BEGIN EXCERPTED RECORDS
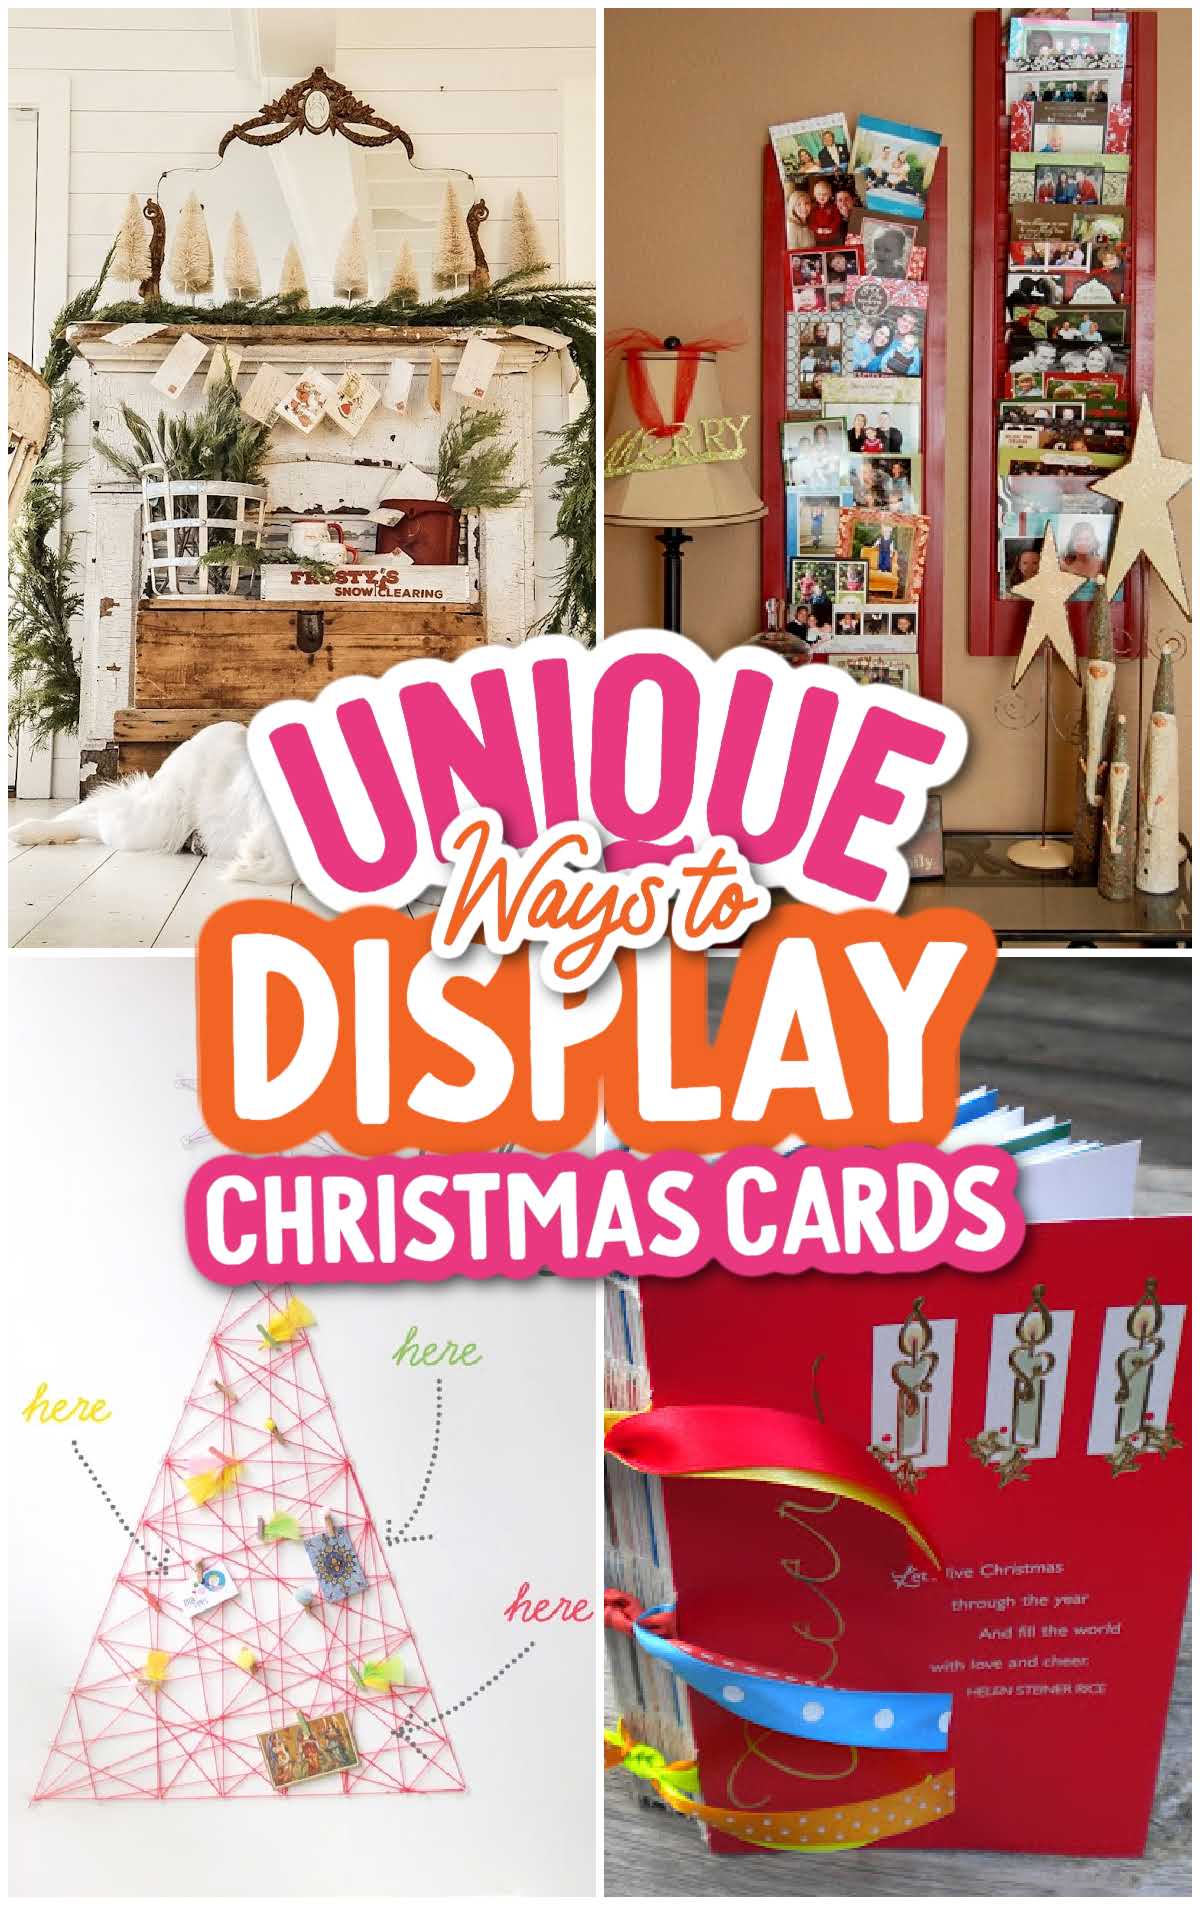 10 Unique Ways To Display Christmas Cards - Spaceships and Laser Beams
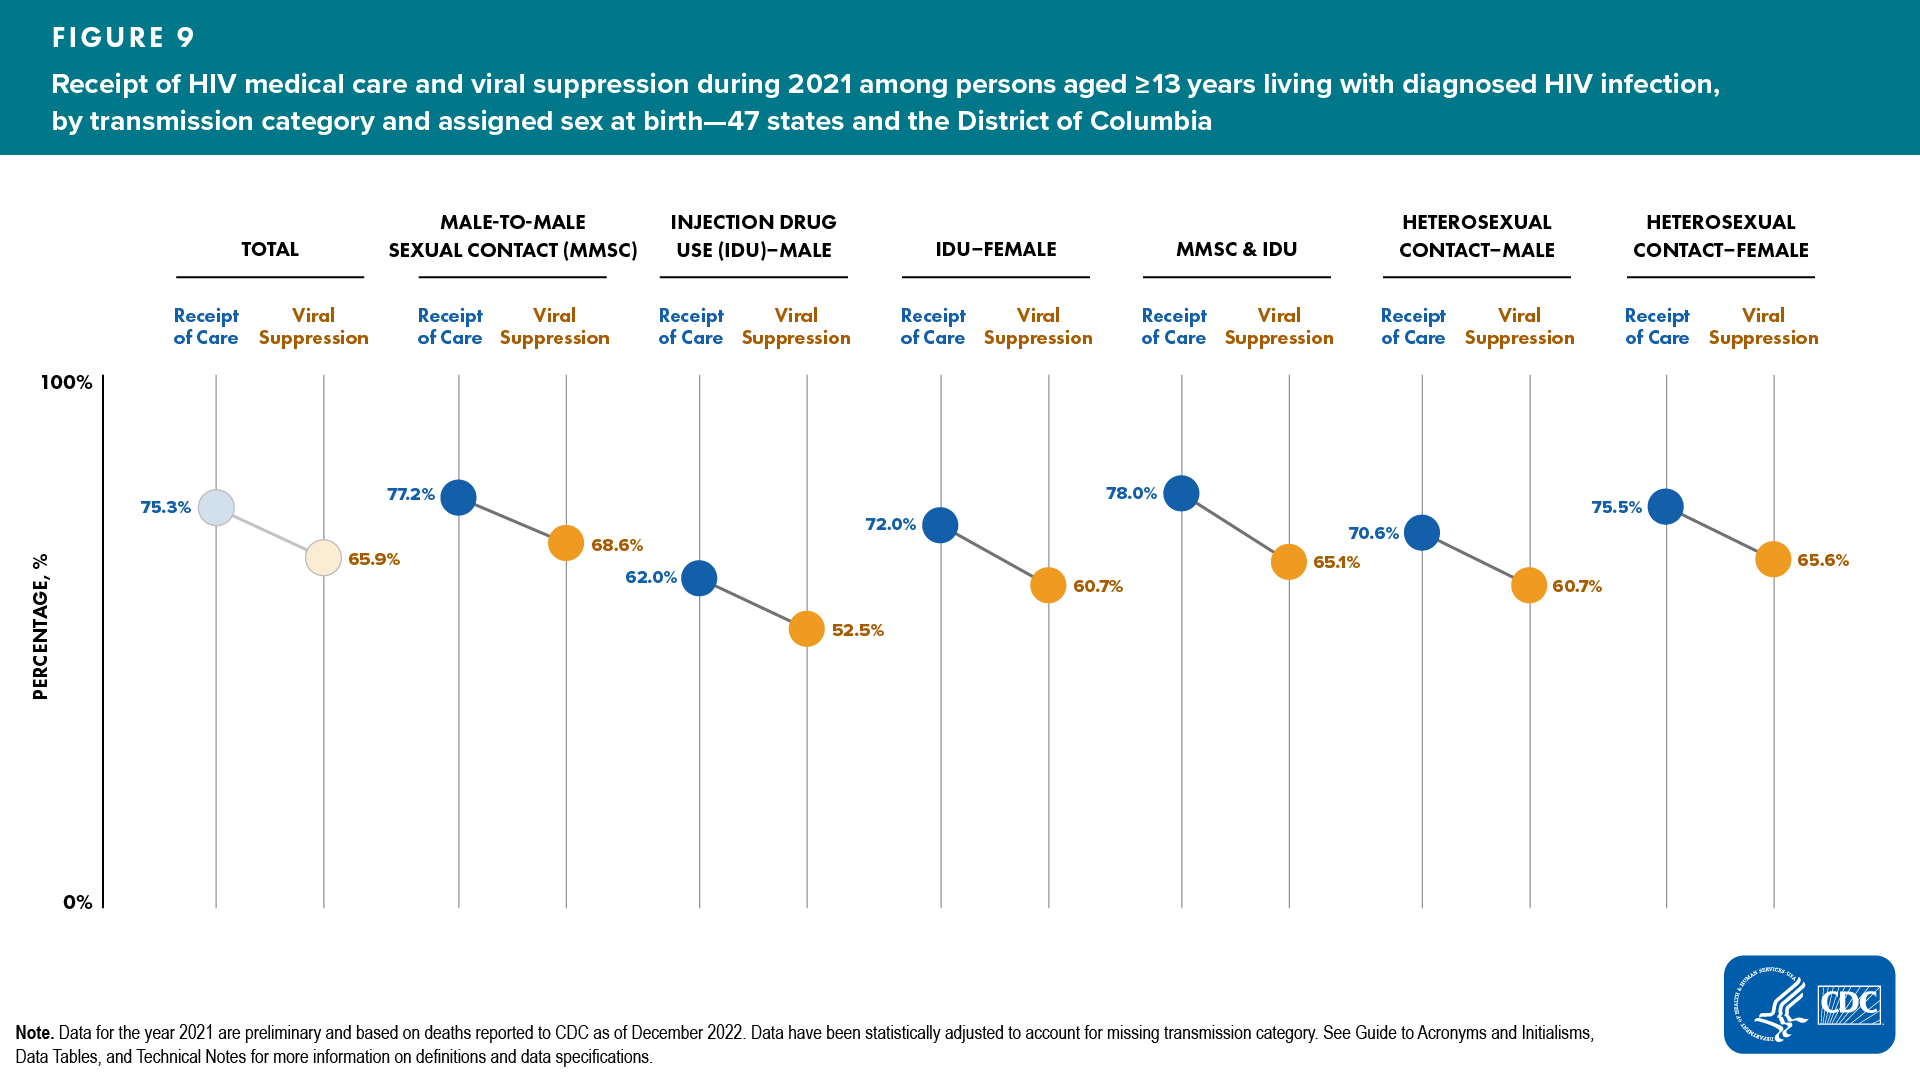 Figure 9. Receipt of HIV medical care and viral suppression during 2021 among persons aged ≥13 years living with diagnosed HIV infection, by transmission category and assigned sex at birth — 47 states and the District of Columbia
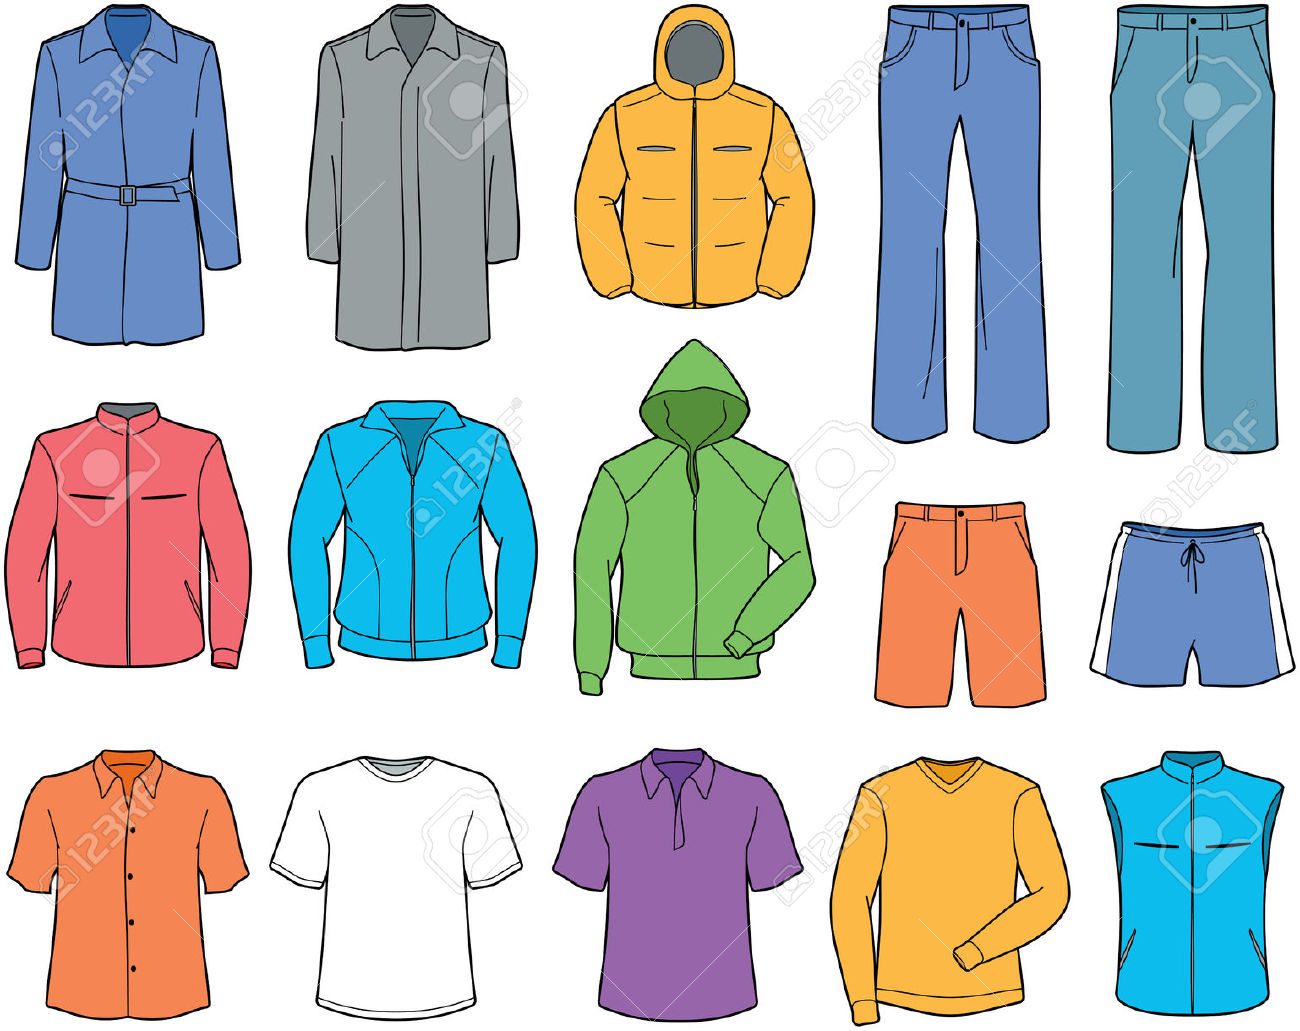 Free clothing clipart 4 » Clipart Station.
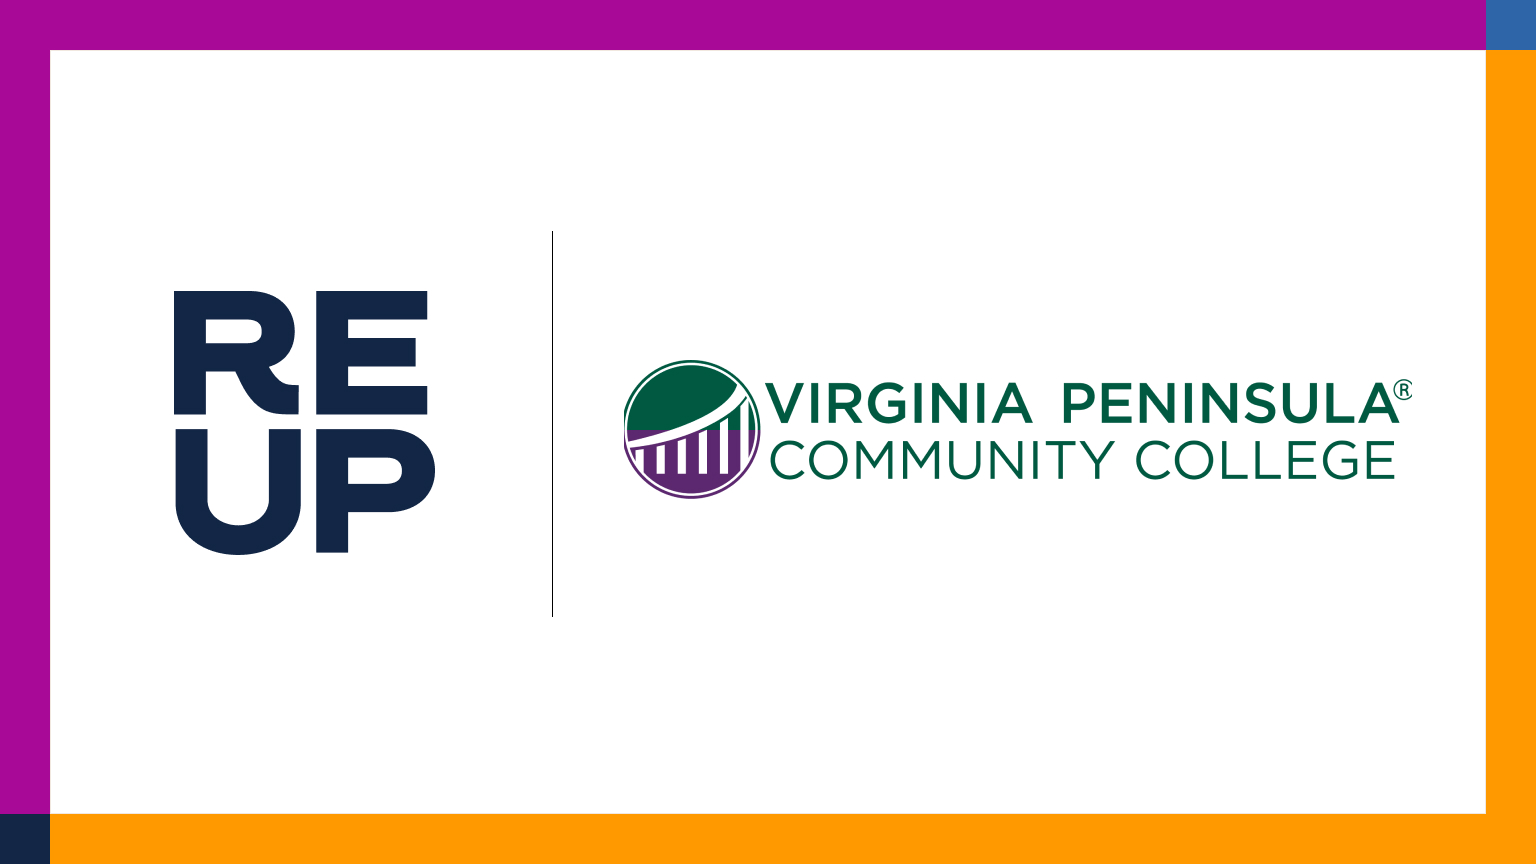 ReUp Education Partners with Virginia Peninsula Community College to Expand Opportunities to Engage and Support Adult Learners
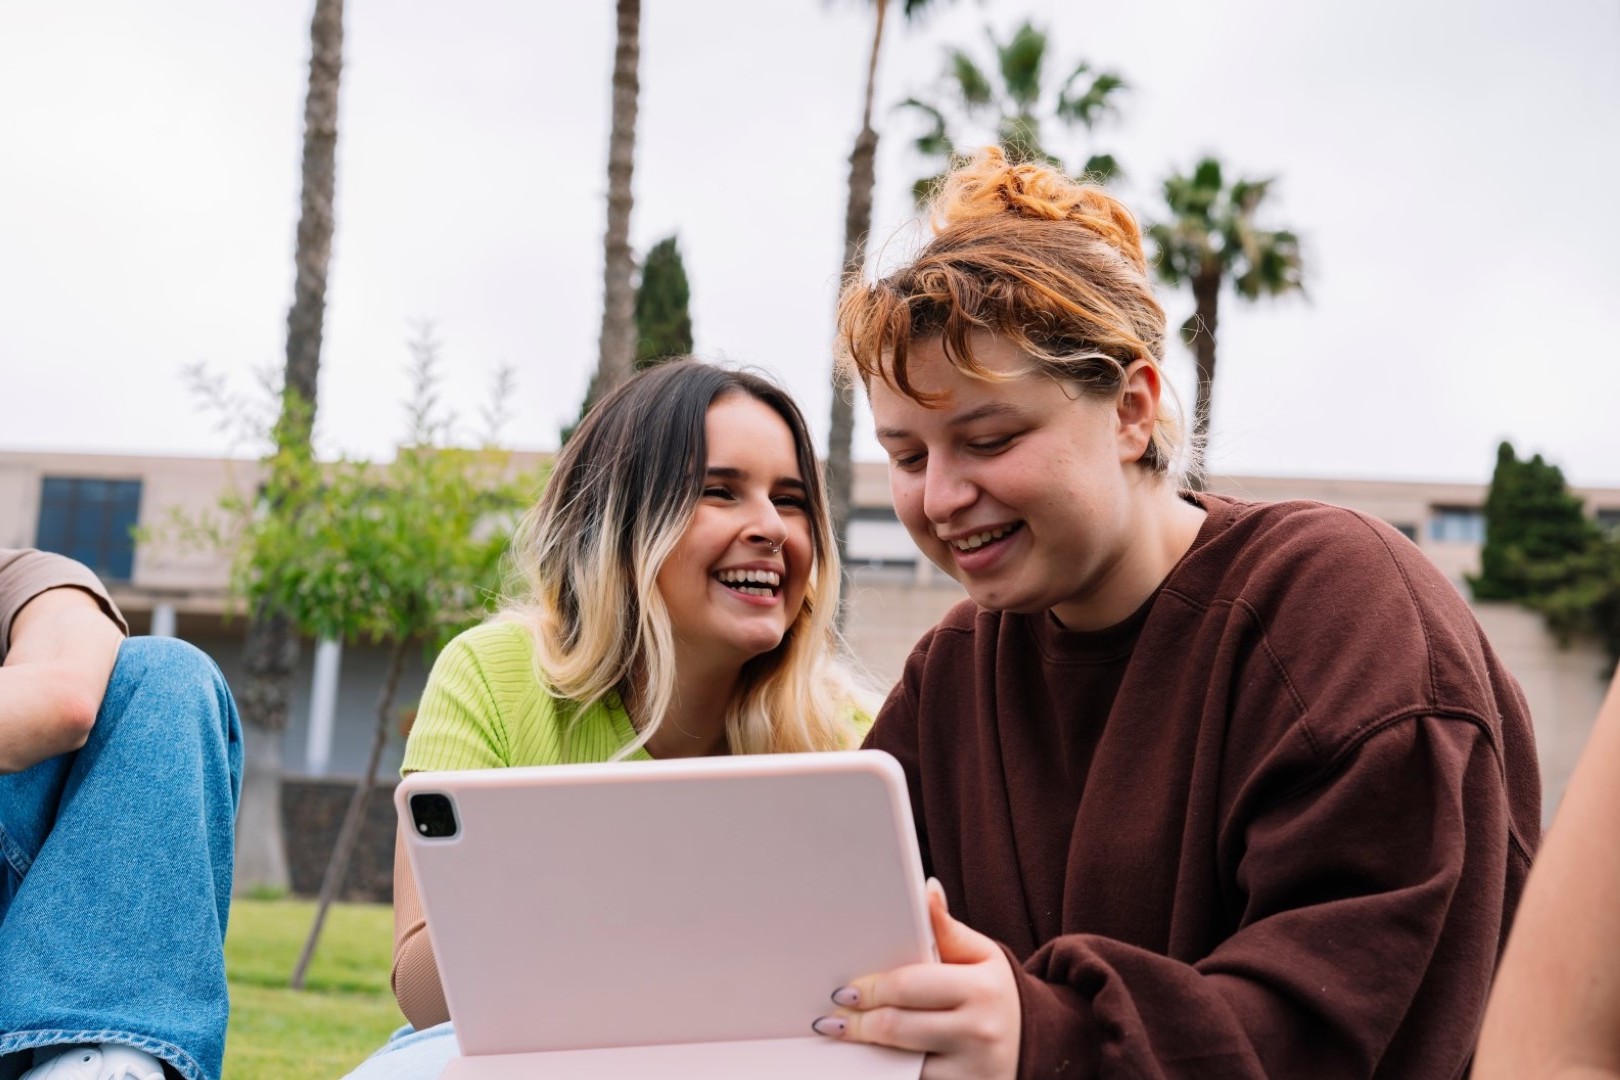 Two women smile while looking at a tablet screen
END EXCERPTED RECORDS
### TASK DESCRIPTION
Beginning with the line that contains "ReUp Education Partners" and ending with the last line of the data above, output those lines exactly and nothing more, without any pictures.

### TASK RESULT
 ReUp Education Partners with Virginia Peninsula Community College to Expand Opportunities to Engage and Support Adult Learners
 Two women smile while looking at a tablet screen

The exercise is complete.